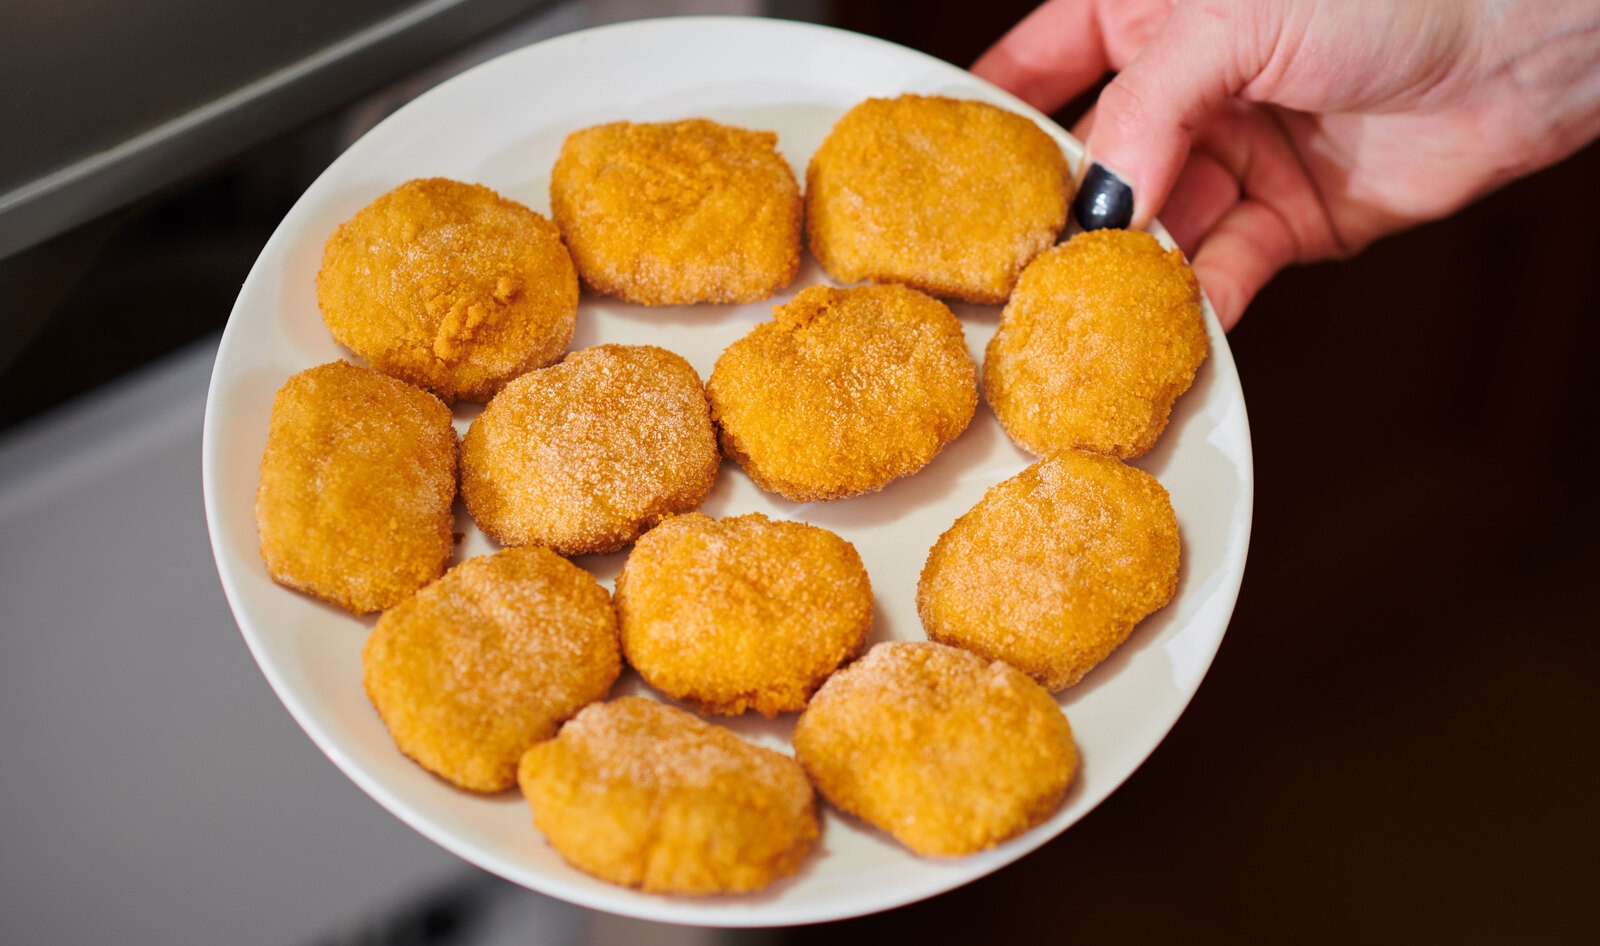 Affordable One-Pound Packs of Vegan Chicken Nuggets Are Coming to Stores
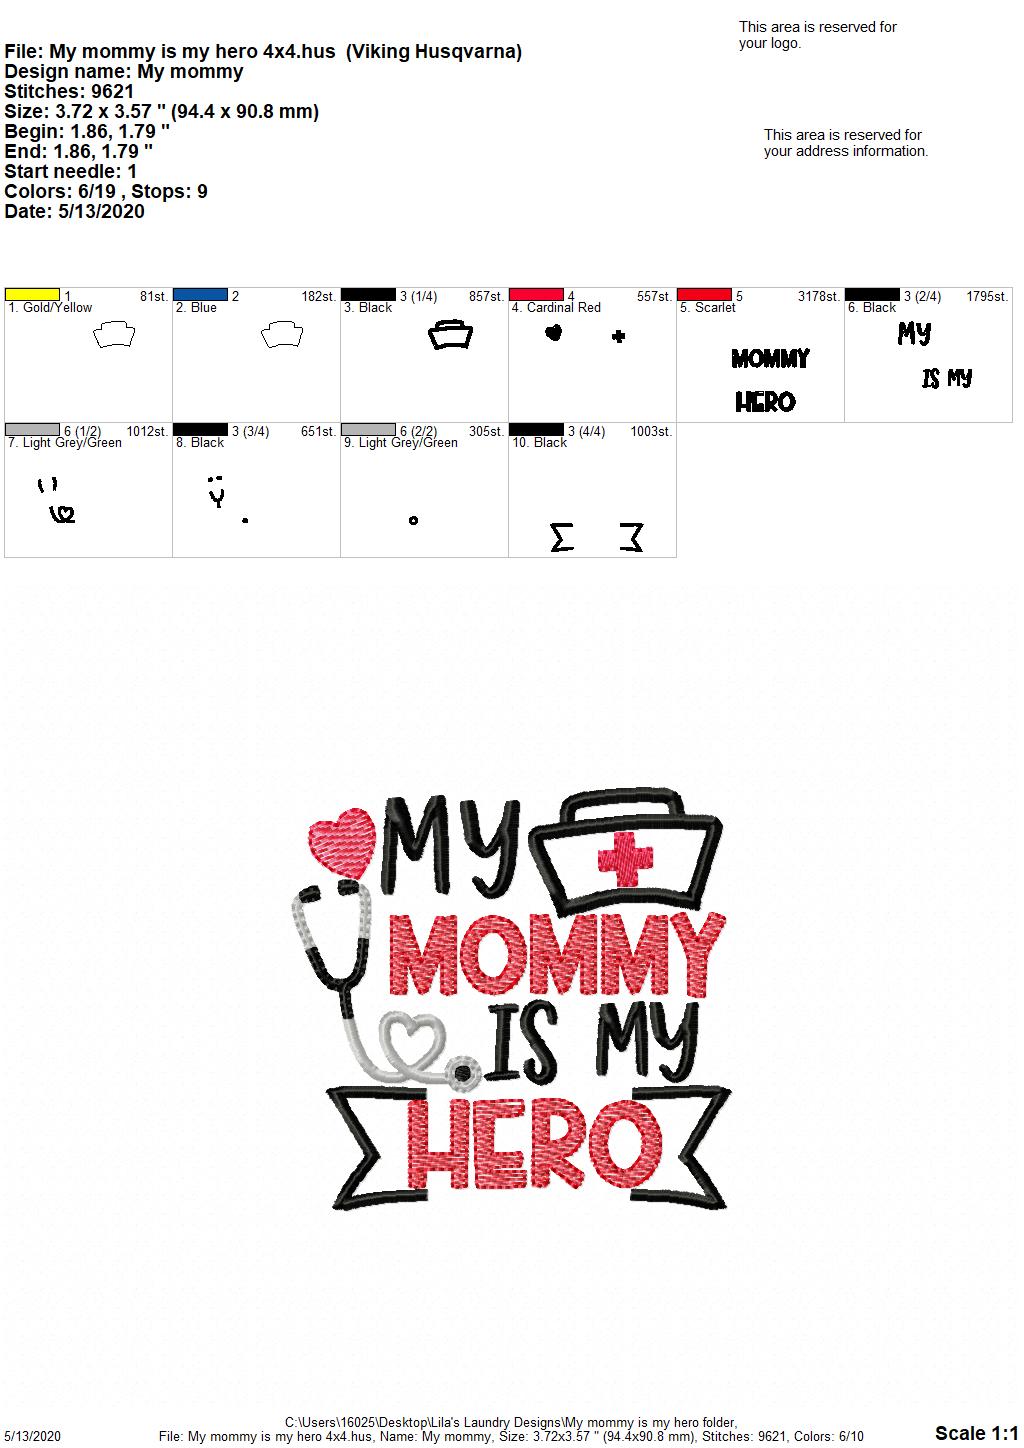 My Mommy is My Hero - 4 Sizes - Digital Embroidery Design
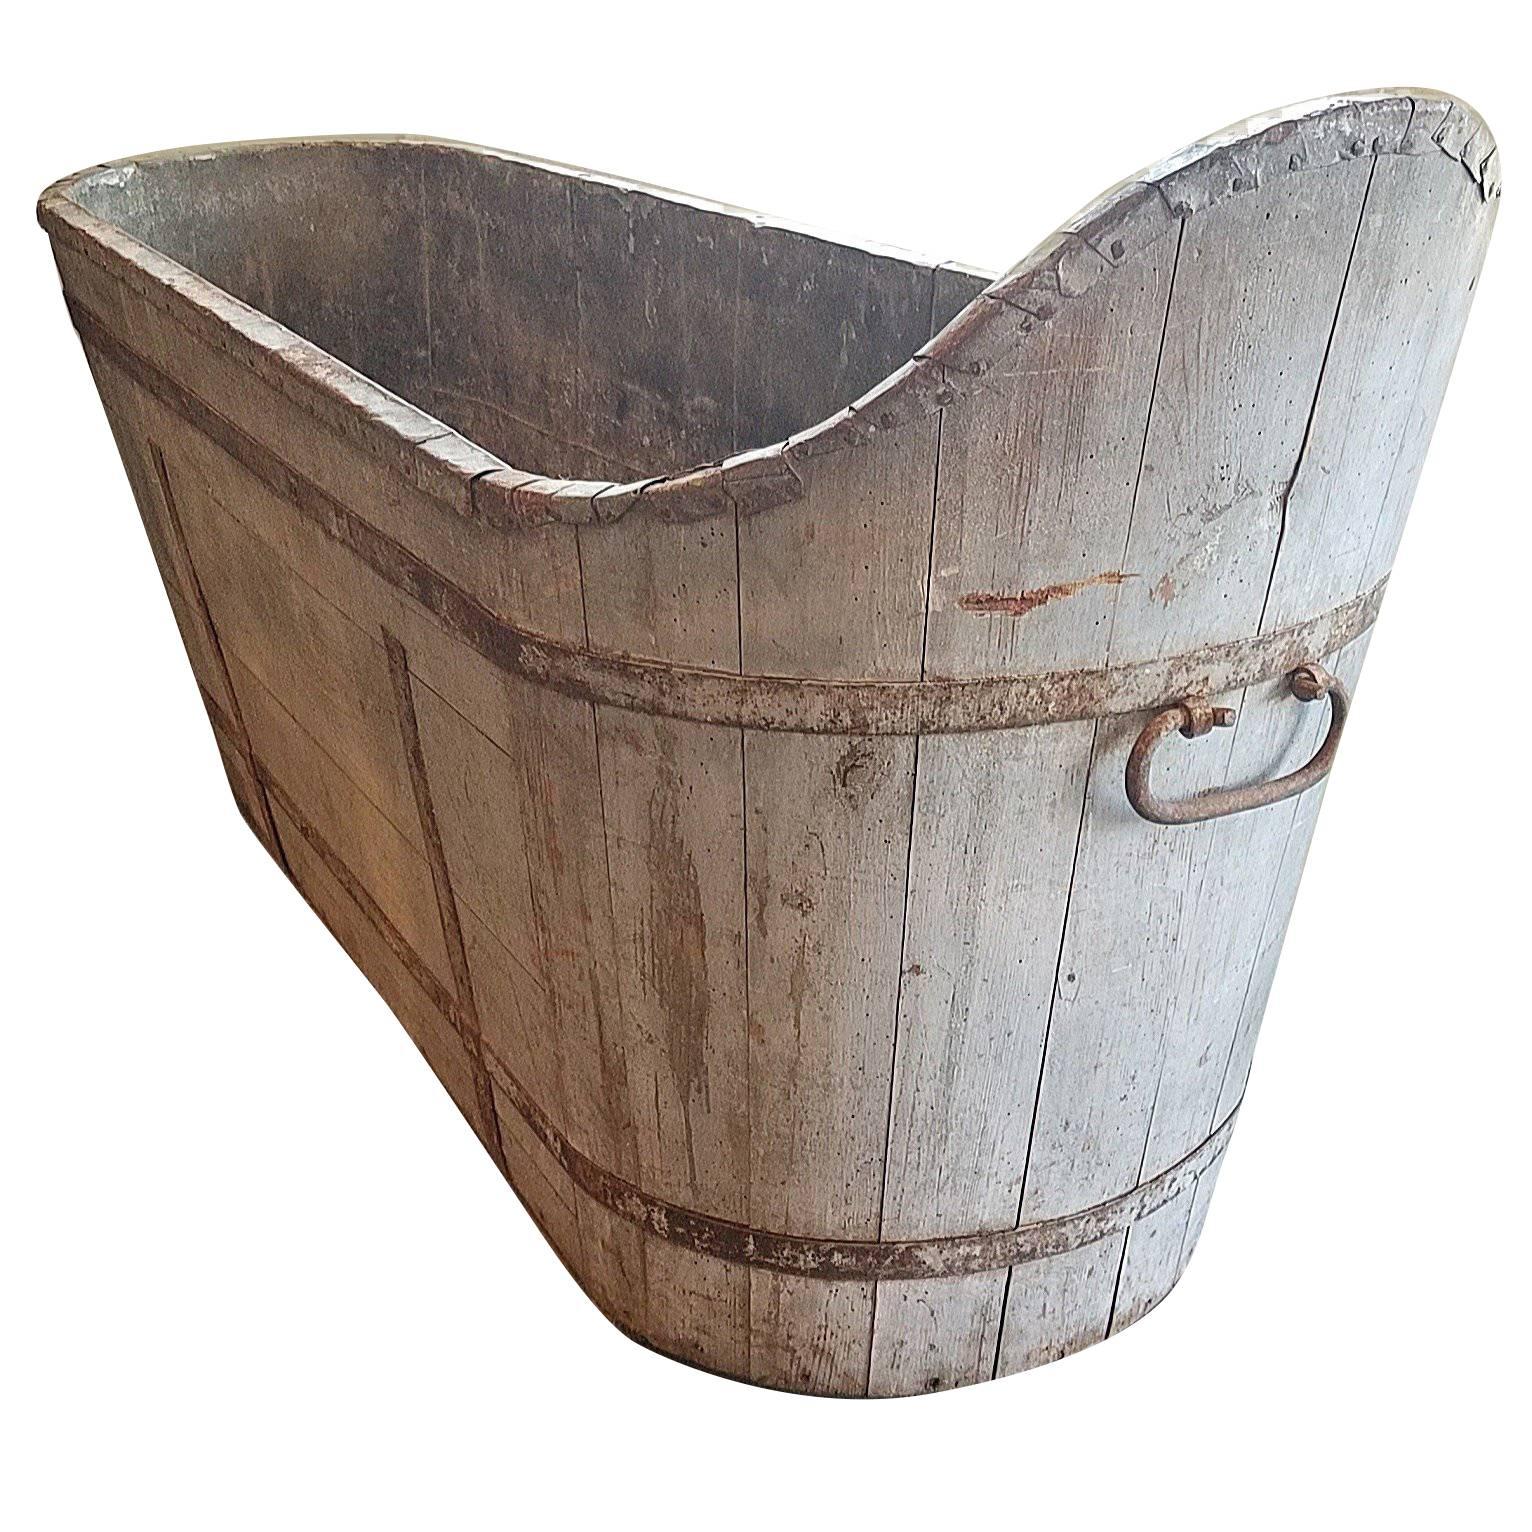 Antique French Wood Plank Tub with Metal Strap as Planter
++++
* _What is being asked_
Once the pictures are set aside, retype the rest of the listing exactly.

* _Answer space_
 Affordable One-Pound Packs of Vegan Chicken Nuggets Are Coming to Stores
 My Mommy is My Hero - 4 Sizes - Digital Embroidery Design
 Antique French Wood Plank Tub with Metal Strap as Planter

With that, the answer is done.